Volevo essere anch’io un veicolo di cultura da grande, come i miei professori, conquistare la nobiltà delle parole che attirano gli sguardi, accendono fili.
E invece mi sono ritrovata dietro le quinte della scuola, per più di quarant’anni.
Erano gli anni dei “decreti delegati” che cambiavano l’impianto delle scuole, e nelle assunzioni capitai anch’io. Eravamo un sacco di giovani con scrivanie zeppe di anagrafiche, schede elettorali, libri di testo, inventari da fare nelle scuolette di campagna. Un collega anziano commentava da dietro una porta ma ti pare giusto, appena diplomati, già prendono uno stipendio? Bernardino il bidello comunale alzava le spalle e pesando in mano la borsa della posta si chiedeva non proprio scherzando la consegno o la butto nel fiume?
Mobili di legno e moduli vecchi andavano al macero negli anni seguenti. Sempre circolari, registri e scartabelle negli uffici, ma anche macchine da scrivere elettriche con carrelli estensibili e testine rotanti che scoppiettavano su fogli e matrici destinate ai ciclostili. Velocità, graduatorie, scadenze. Altrove succedeva qualcosa di grave, in quegli anni: un’occhiata al giornale e vedevi gli anni di piombo anche a Salerno: un agguato delle BR, un giudice ucciso. Quel giorno c’erano commenti e sguardi alle finestre, ferme le macchine. Io studiavo la Costituzione di pomeriggio, i diritti sociali, e in quei codici trovavo ancora i fili della vita reale a cui avrei voluto partecipare, saltare la barricata della scrivania e dire le mie parole, perché le carte le giudicavo inutili o troppe.

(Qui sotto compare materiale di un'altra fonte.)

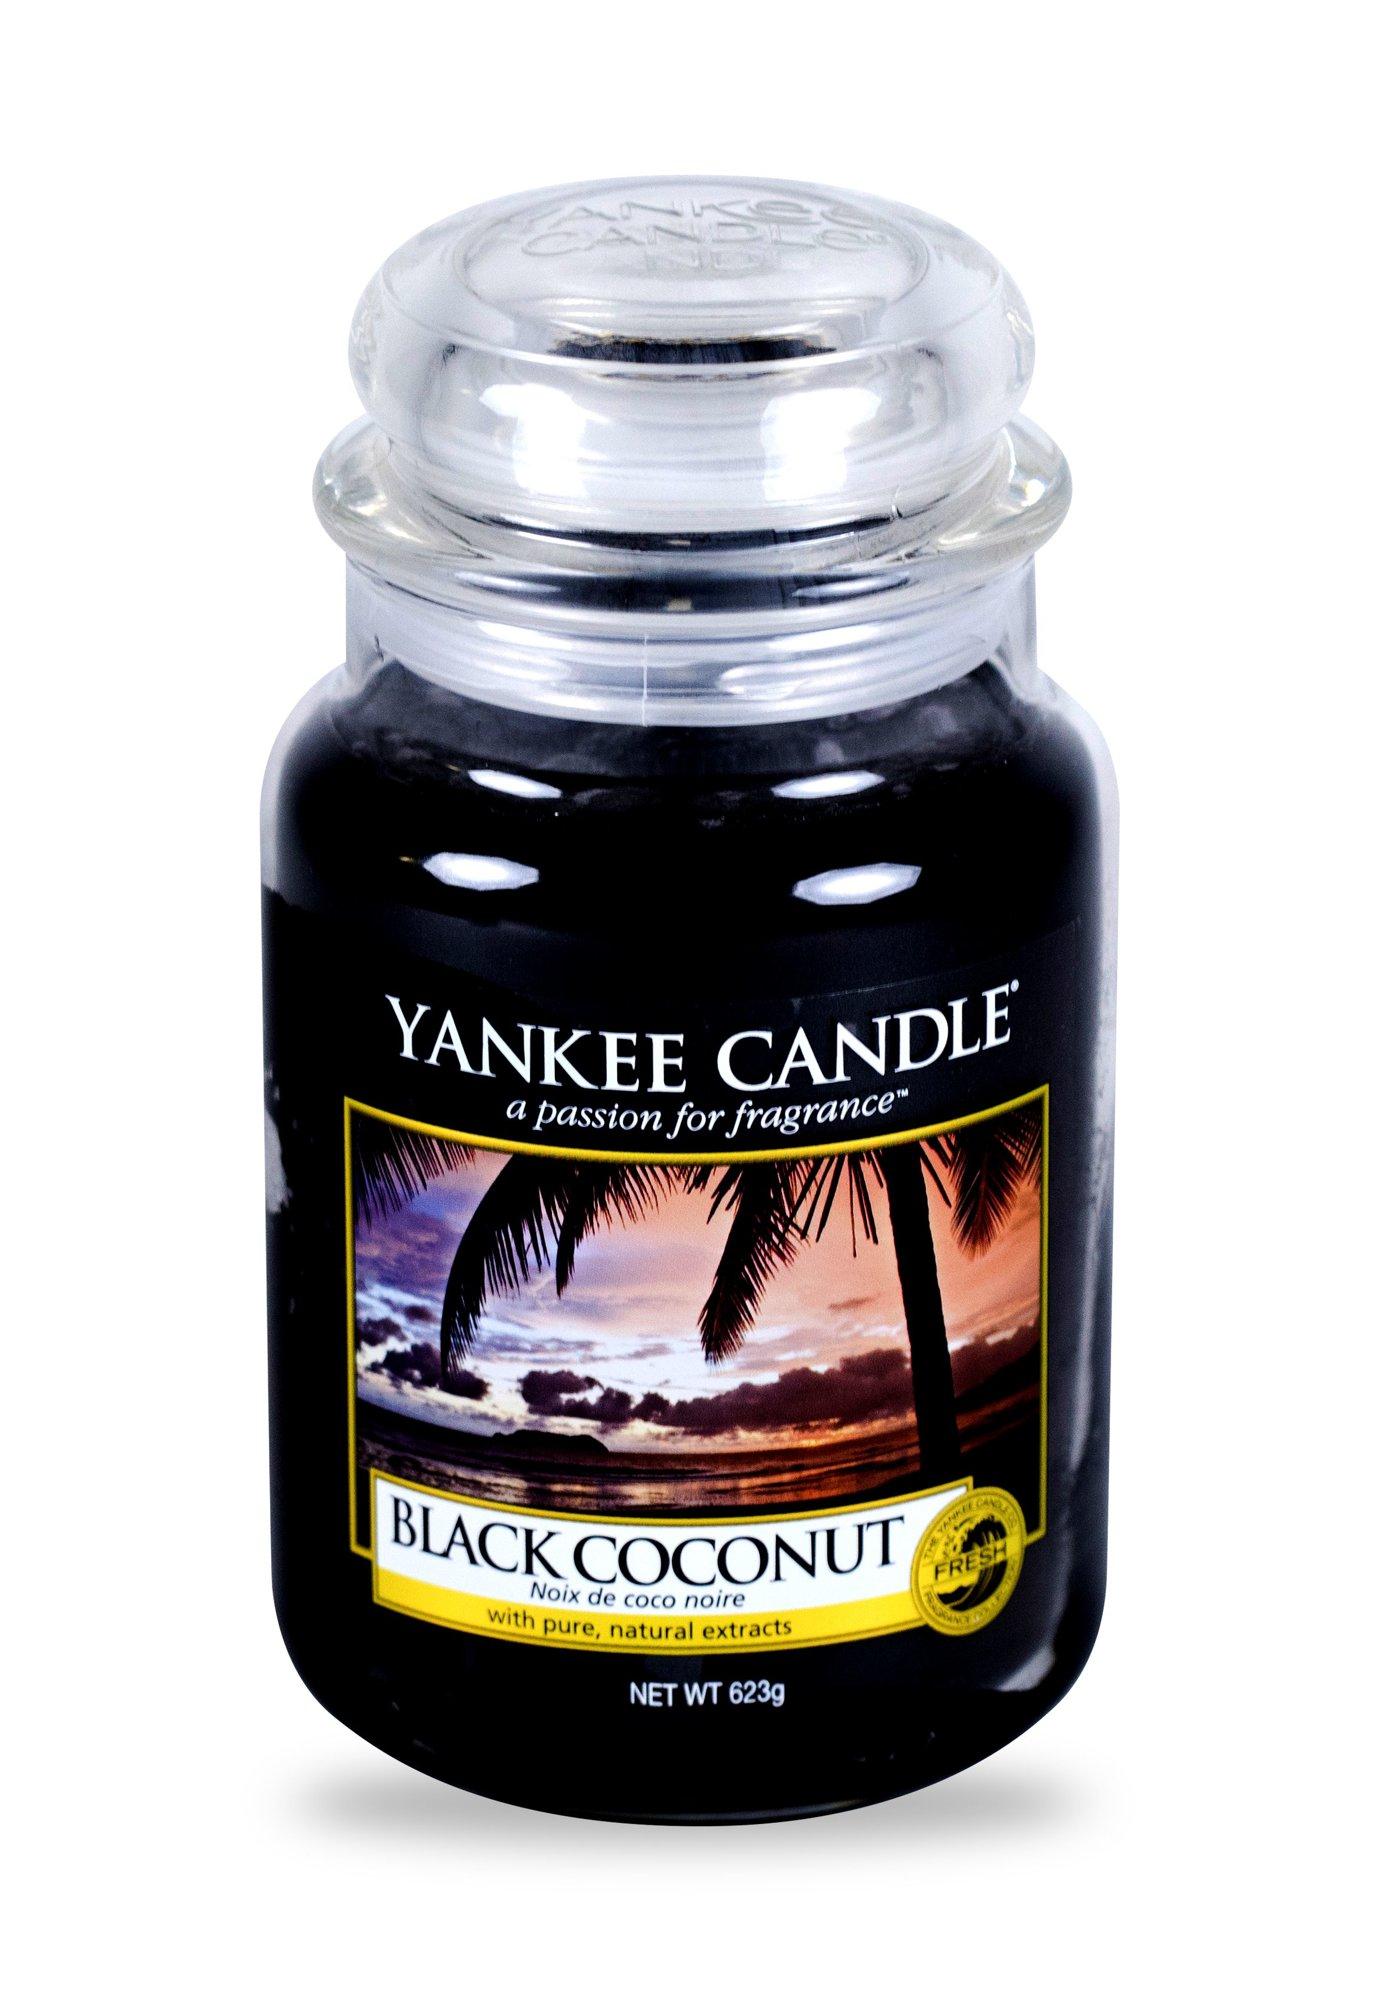 Kvepalai Yankee Candle Black Coconut

Ma i pensieri, quelli erano inutili, di fronte a scadenze e circolari, e poi di fronte ai primi schermi neri con codici MS-DOS di computers grigi, comparsi con l’informatizzazione di fine anni ’90, stampanti ad ago, corsi di formazione pochi. Per fare spazio le macchine da scrivere e i ciclostili finivano su furgoni per andare al macero. Tutti dovevano dimenticare le penne, capire i pacchetti e manovrare quel coso che una signora anziana chiamava “mais” imprecando alla pensione ancora lontana.
Ormai digerito l’impatto agli inizi del 2000, ricordo che insieme agli screen più evoluti di Window i fornitori ci davano per gadget piccoli calcolatori manuali per il cambio lira-euro. Ma con quelli non si potevano certo fare i calcoli per i progetti PON del primo settennio, che facevano bestemmiare, aggiungendosi al lavoro ordinario già pesante. Una docente mi bollò di cattiveria, una volta che avevo sbottato per le sfilze infinite di esperti e tutor nominati anche solo per due ore totali. Oguno aveva un nipote o un amico a cui far fare esperienze e punti, così le mie tabelle excell diventano lenzuoli e si moltiplicavano mandati, contributi, rendiconti, ecc.
Ero ormai inchiodata dietro le quinte, da cui potevo solo osservare infiltrazioni dai soffitti, disagi e discriminazioni, regole difficili da rispettate, sentire lamentele interne. Per non dire del settennio successivo, quando ai PON, agli FSE seguivano i FESR perfino per interventi sugli edifici e non mi capacitavo perchè li dovesse attuare la scuola, senza competenze in materia. I supporti tecnici erano lontani e difficili. Salvavo nella mia mente solo i progetti Erasmus e quelli per i laboratori.
Un lavoro infinito e ansiogeno, che solo i miei colleghi possono capire, fatto di sigle e acronimi, di piattaforme digitali inventate da sadici, mi dicevo. Anche la qualifica era diventata una sigla, DSGA.
Ora con la distanza dell’età vedo tutto con occhi diversi, la burocrazia era un pachiderma per come studiavo sui libri di dirittto amministrativo, e le trasformazioni non potevano essere senza contraccolpi.
Ho incontrato però un un bidello giorni fa, uno che disegnava sempre bozzetti di quadri dietro il suo “bancariello” e a volte si sedeva a suonare solo al pianoforte dell’aula magna, mi ha voluto offrire un caffè con l’aria contenta, e mi ha detto che bei tempi allora, eh? Mo’ ‘cu sti PNRR s’a verono ancora cchiù sporca i colleghi vuost’!